シンプルな図を描くことによって問題点を明確にし、改善方法を考える「図解改善」を提案する書籍が、その名も『誰でもデキる人に見える 図解de仕事術』(多部田憲彦著、明日香出版社)。

著者は、「日産自動車のルノー日産共同購買本部リージョナル・サプライヤー・パフォーマンス・マネージャー」としてワールドワイドに活躍する人物。と書くと華やかに聞こえますが、注目すべきは小学3年生で吃音(どもり)症となってから人との会話が苦痛になり、孤独な学生生活を送ってきたという事実です。しかし、図解によって問題を解決できるようになってから、仕事やコミュニケーションの能力が劇的に高まったのだとか。それはなぜなのか? 図解のメリットを説いたChapter 1「図解de認められる」に目を向けてみましょう。

1.「口べたでも相手に通じる」(18ページより)

著者が図解の素晴らしさを実感したのは入社1年目のころ。当時の上司が、目の前で展開されるプレゼンテーションの内容を図式化して矛盾を突いてみせたときだそうです。「頭の中だけで考えているだけでは見えなかったことが、一枚の図表を描くだけで、こんなに明確に整理できるのか!」と感じ、それが以後の人生に大きな影響を与えるわけです。

2.「感情論にならず、冷静に結論を導ける」(21ページ)

仕事をしていると、ときには相手に厳しいことを言わなければならないもの。そんなとき言葉だけでやりとりすると感情論に陥りがちですが、図解で事実や根拠を示せば、冷静に結論を導けるそうです。たとえば部下が失敗したとき、感情的になったら部下もやる気を失うだけ。しかし失敗した理由を図解して一緒に整理すれば、失敗も前向きに役立てられるというわけです。

3.「会話の主導権を握れる」(24ページ)

会議の場では、とかく声の大きな人のペースでものごとが進みがち。しかし図解のスキルを身につければ、どんな会議でも主導権を握ることが可能。相手が外人であったとしても、英語がペラペラでなかったとしても、図式化すれば伝わるため、自然に「議長役」として尊重してもらえるのだといいます。多くのビジネスを成功させてきた著者の英語力が「典型的なジャパニーズ・イングリッシュで、『adjust』を"アジャスト"ではなく"アドジャスト"と発音して修正を促されるほど」だというので、なんだか妙に説得力があります。

4.「文字を書くより早く納得させる」(27ページ)

「エレベータートーク」がそうであるように、短時間で相手に説明しなければならないことがあります。そんなときにも、図解が役立つのだとか。そして重要なのが、目的は「美しく描くこと」ではなく、あくまで「こちらの意図を正確に伝えること」だということ。キレイな図にこだわって時間を書けるのでは本末転倒。1つの図は、1分以内で描きあげる。キレイに描こうと思わず、手描きで済ませることがポイントだそうです。

5.「議事録は1分で完成させる」(30ページ)

会議の議事録は、A4用紙1枚程度が原則。あまり長いと、誰にも読まれずに放置されてしまうからです。そこで著者がおすすめしているのが、会議中から図解を使って論議の内容を可視化し、その場で出席者から確認をとること。1分で「この会議で大事なポイントは〜と〜ですね?」と確かめ、図解を撮影し、その写真を書類に貼るだけで簡単に議事録が完成するというわけです。

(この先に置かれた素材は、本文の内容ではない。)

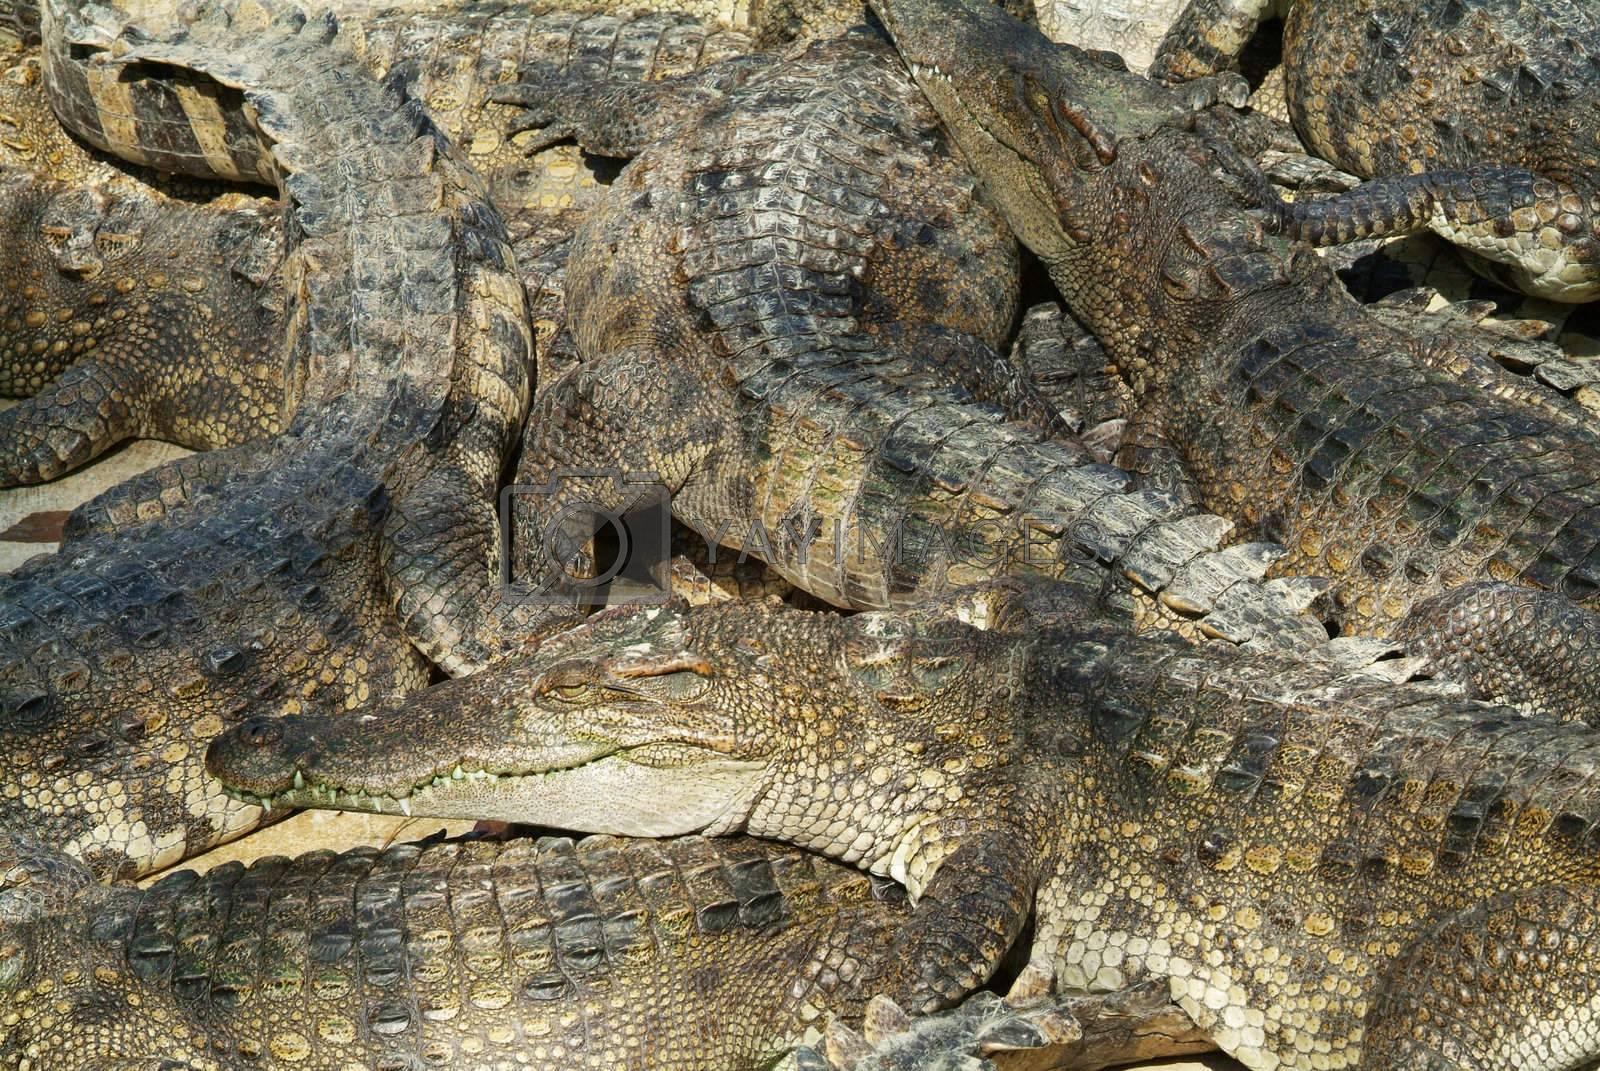 Crocodile abstract by epixx

なお、会議をまとめる「ファシリテーター役」として重宝がられ、なにより会議の中身が頭に残りやすくなるということも、会議の内容を図解でまとめるメリットだとか。いわば、一石三鳥だということです。

ちなみに著者に関しての重要なトピックは、現在も吃音症が治っていないという点。つまり弱点と共存しつつ、そこを図解で補うことで世界規模の成功を実現しているわけです。そう考えればなおさら、本書に書かれていることがいかに大切かがわかるのではないでしょうか。